We saw from last week’s muscle-flexing between the ACC and SEC that P5 schools don’t care much about each other. They care even less about everyone else. If there’s a way football – and the other fall sports, too – can happen, they’re prepared to give it a go. If there’s a playoff, great. (The CFP has said it will do whatever is necessary to make its event happen.) It could be that three leagues mostly east of the Mississippi – the ACC, Big Ten and SEC – form a more-regional splinter group, leaving the Pac-12 and Big 12 to fend for themselves. It could be that the season ends with the various conference championships.

These aren’t scenarios yours truly has conjured up from the morning mist. These are possibilities that have been discussed at the highest levels of college sports, though the highest level of college sports could be subject to sudden change. If the NCAA says, “We won’t sanction fall sports,” and the Power Five says, “Fine. We’re playing anyway” … well, what’s the point of the NCAA?

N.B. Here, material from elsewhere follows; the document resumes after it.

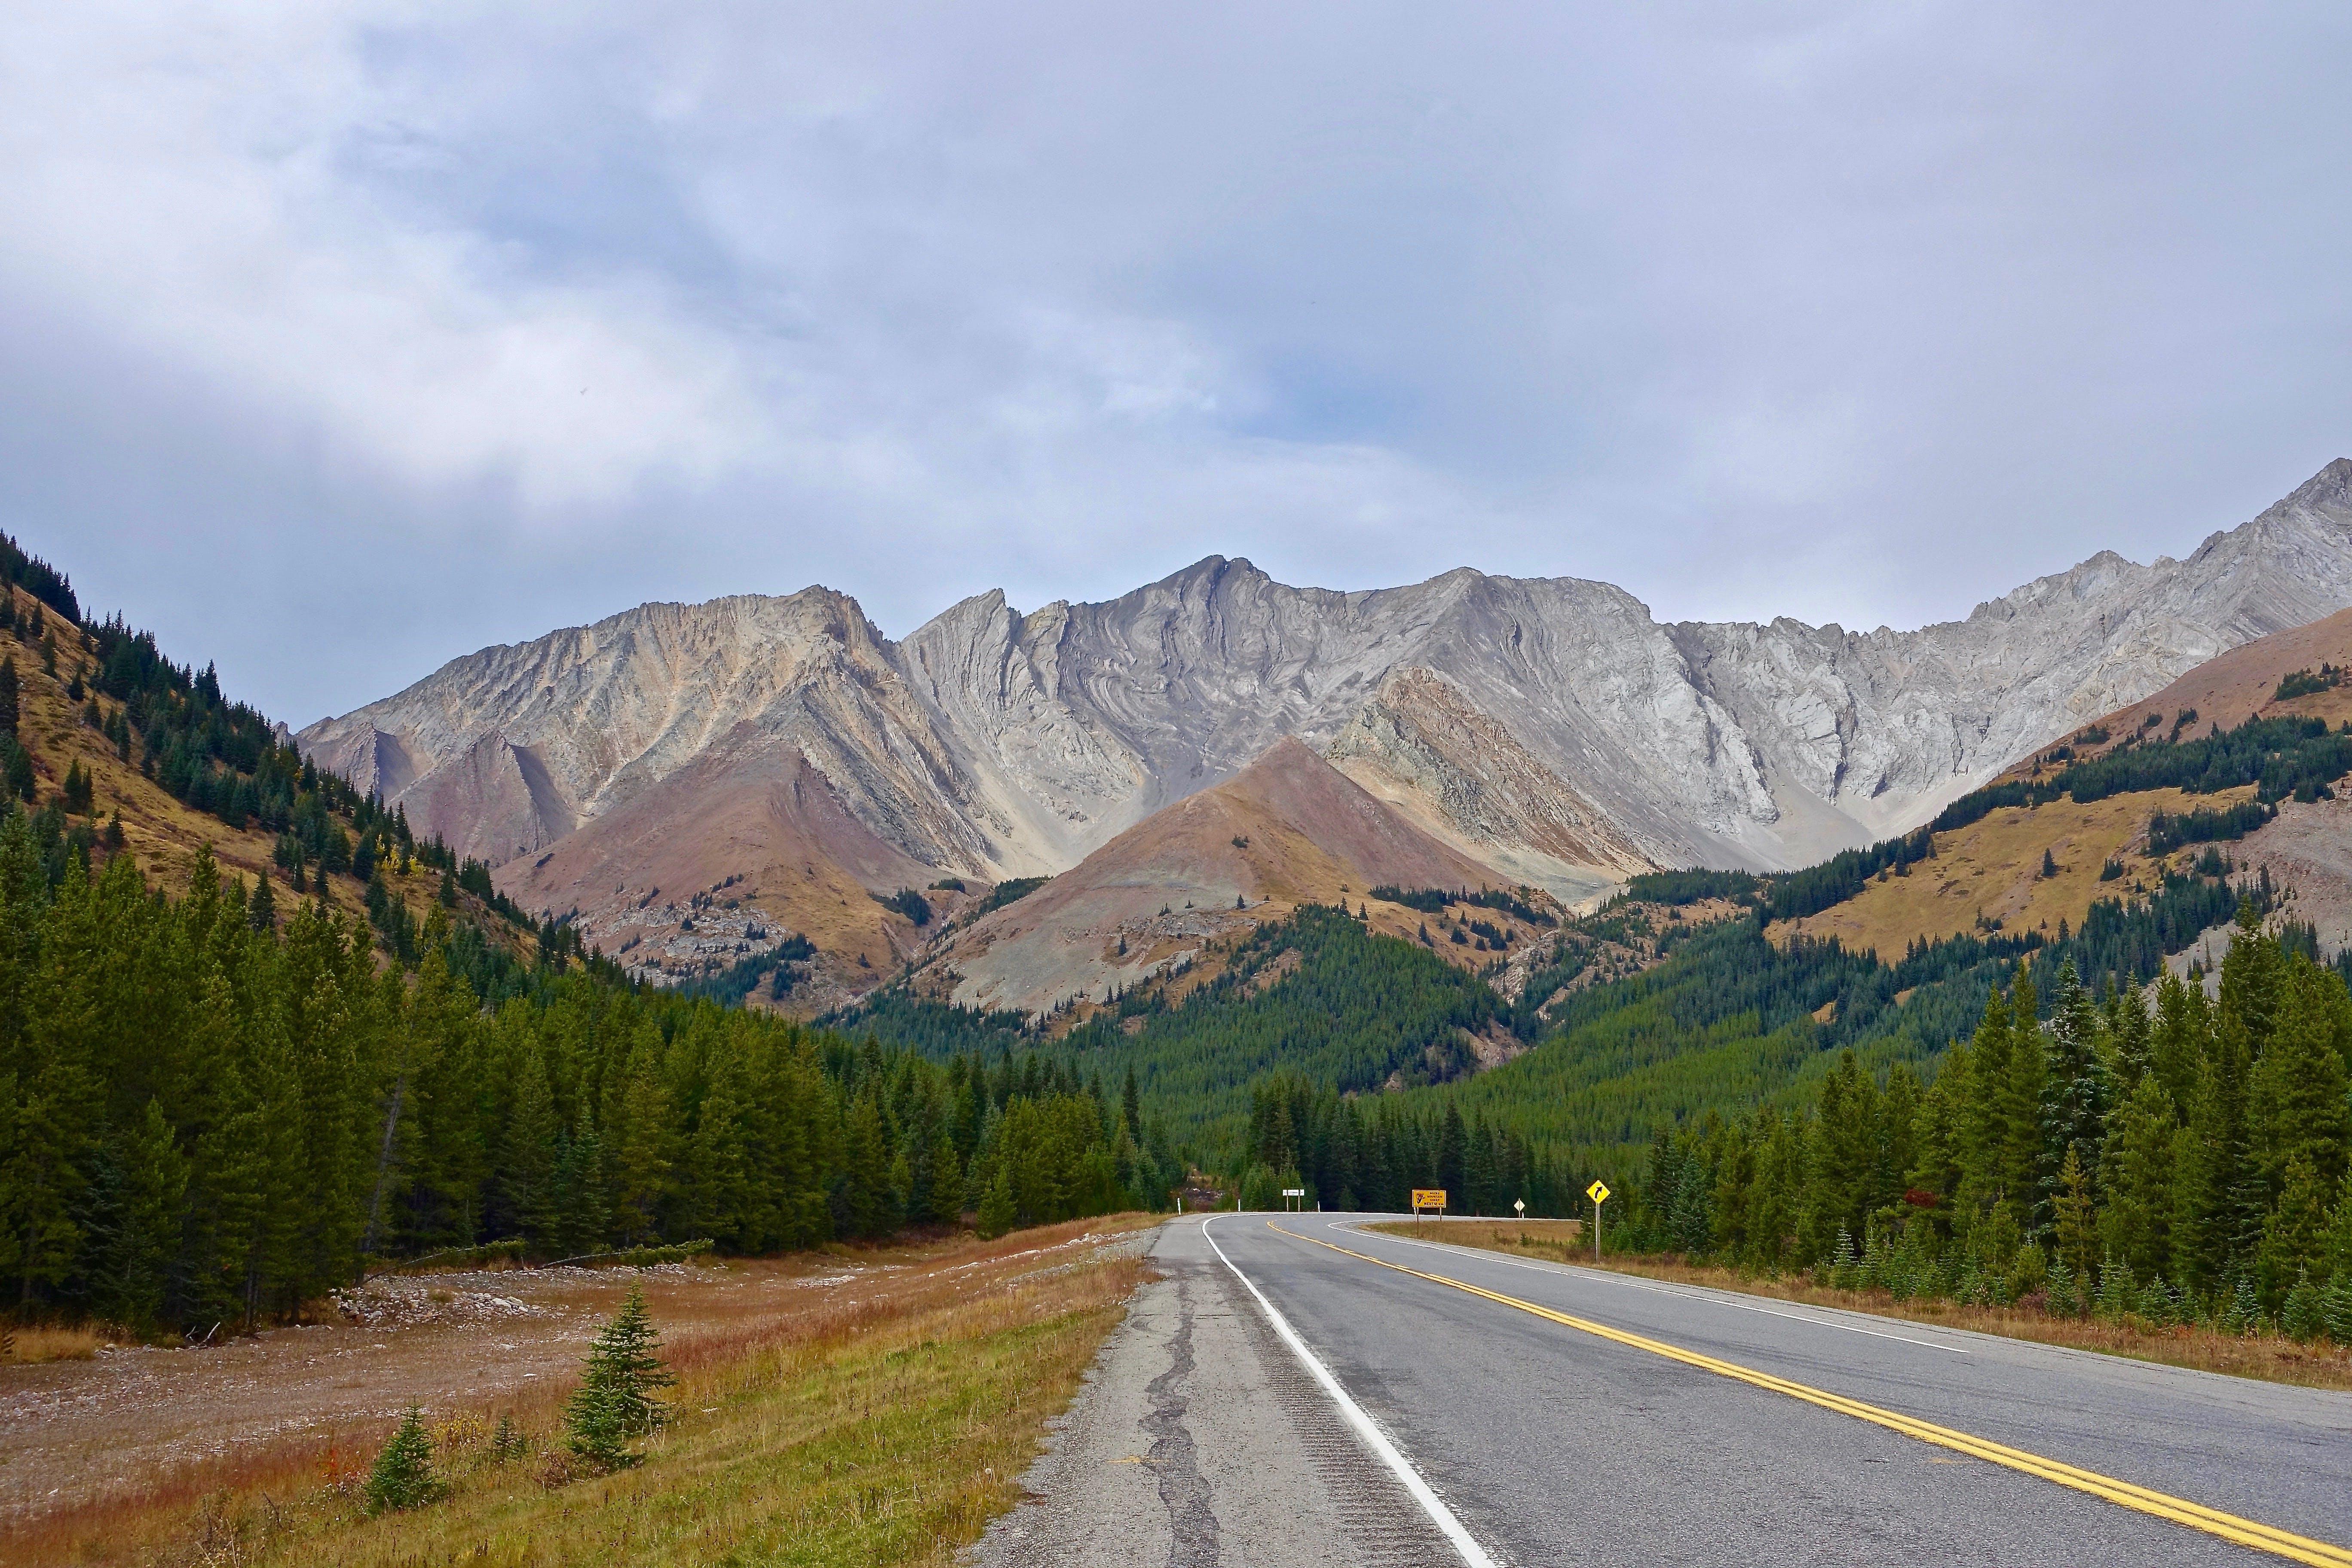 Kostenloses Stock Foto zu autobahn, berg, felsiger berg, gipfel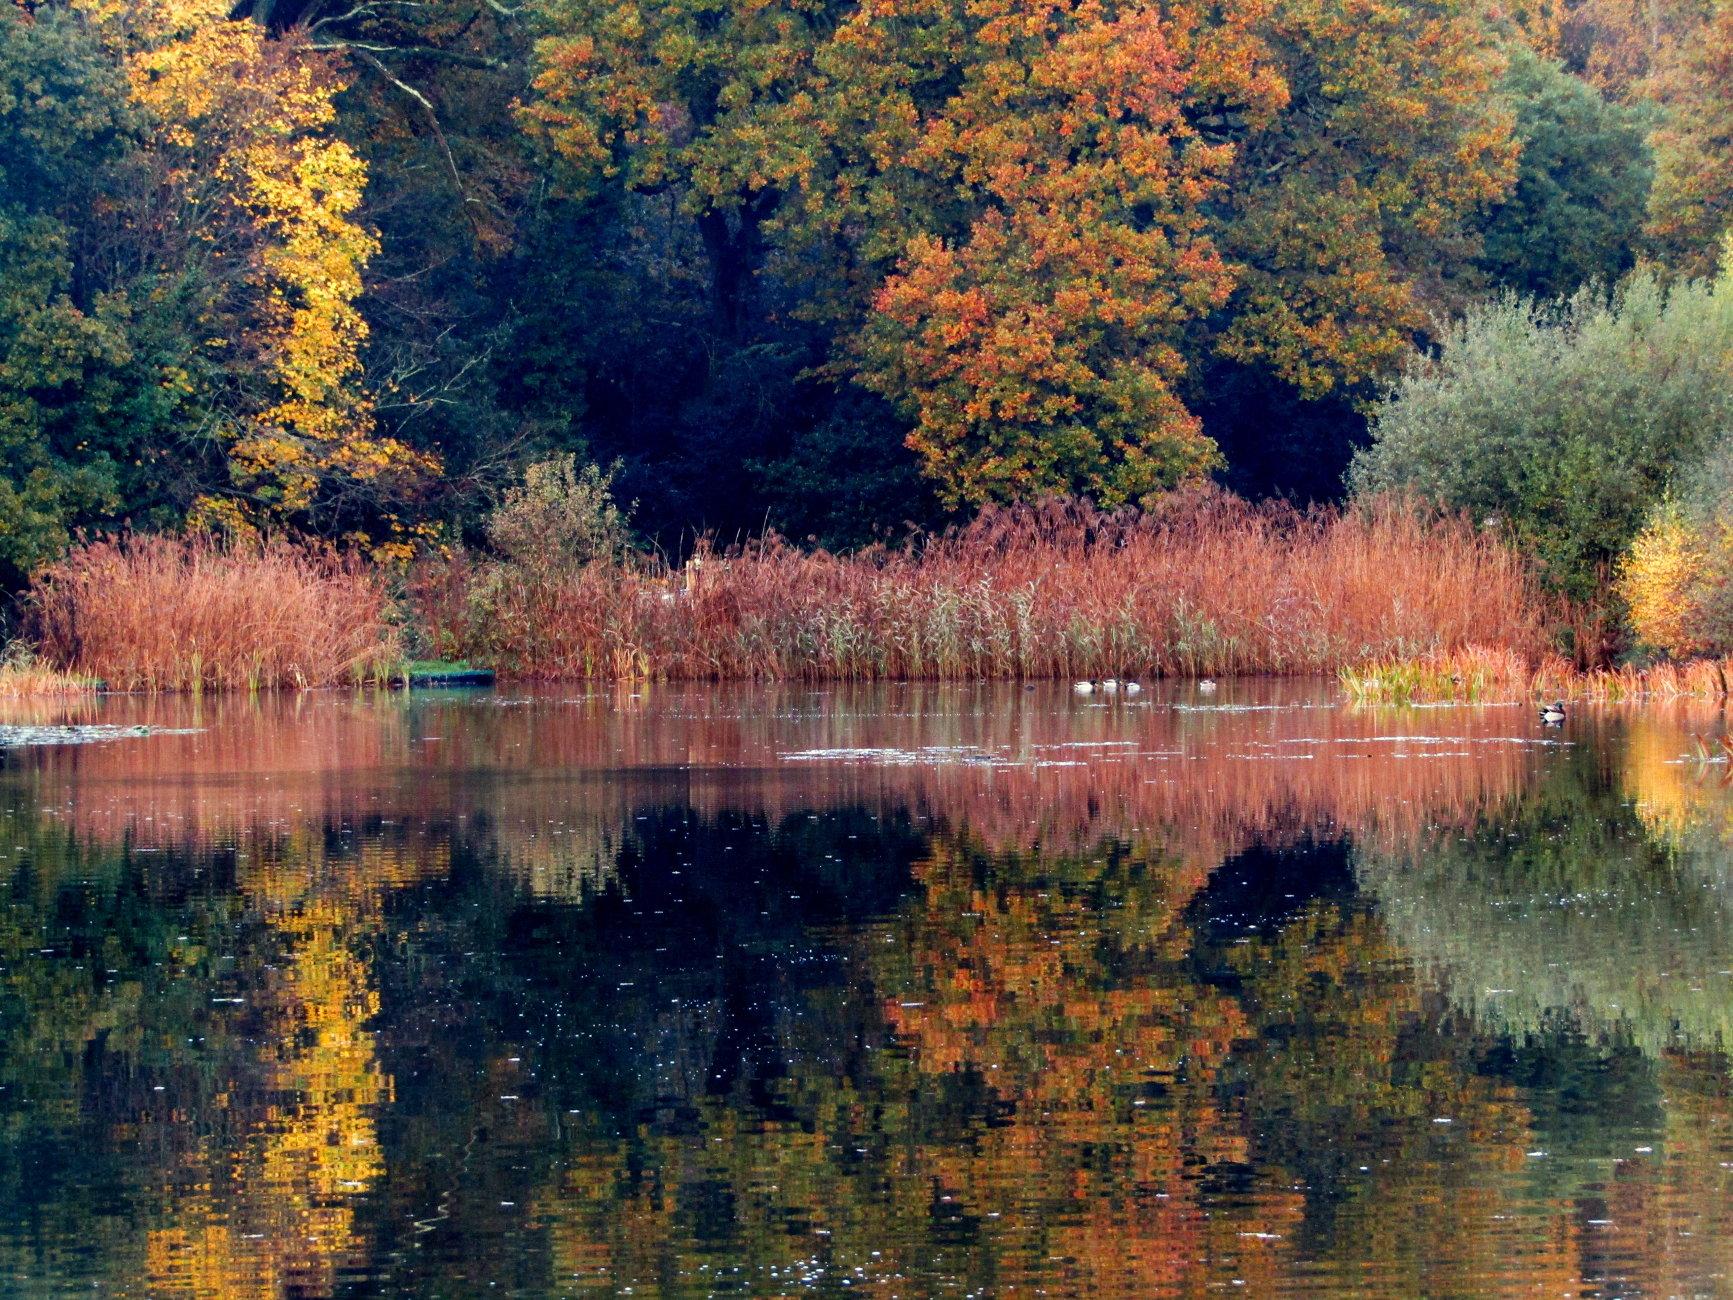 Autumnal paintbox

There is, however, one detail that could derail even the hell-bent Power Five. To play sports, you need players. Some Pac-12 footballers just threatened to opt out – hey, everybody’s doing it – if they aren’t offered written assurances of “protections and benefits.”

The Washington Post obtained audio of a conference call held last week between SEC health experts and the league’s football student leadership council. Included was this from a Mississippi sports physician: “The problem is that a lot of this (about COVID-19) we don’t know.”

From Texas A&M linebacker Keeath Magee: “As much as you guys don’t know … it’s just kind of not good enough.”

Imagine the reaction if the NCAA shuts down fall sports for the small fry, but the big leagues deem themselves ready and able. What if enough guys who wear helmets in Clemson and Tuscaloosa and Athens and South Bend say, “Sorry, but it’s just kind of not good enough”?

Then nobody plays football. That’s what.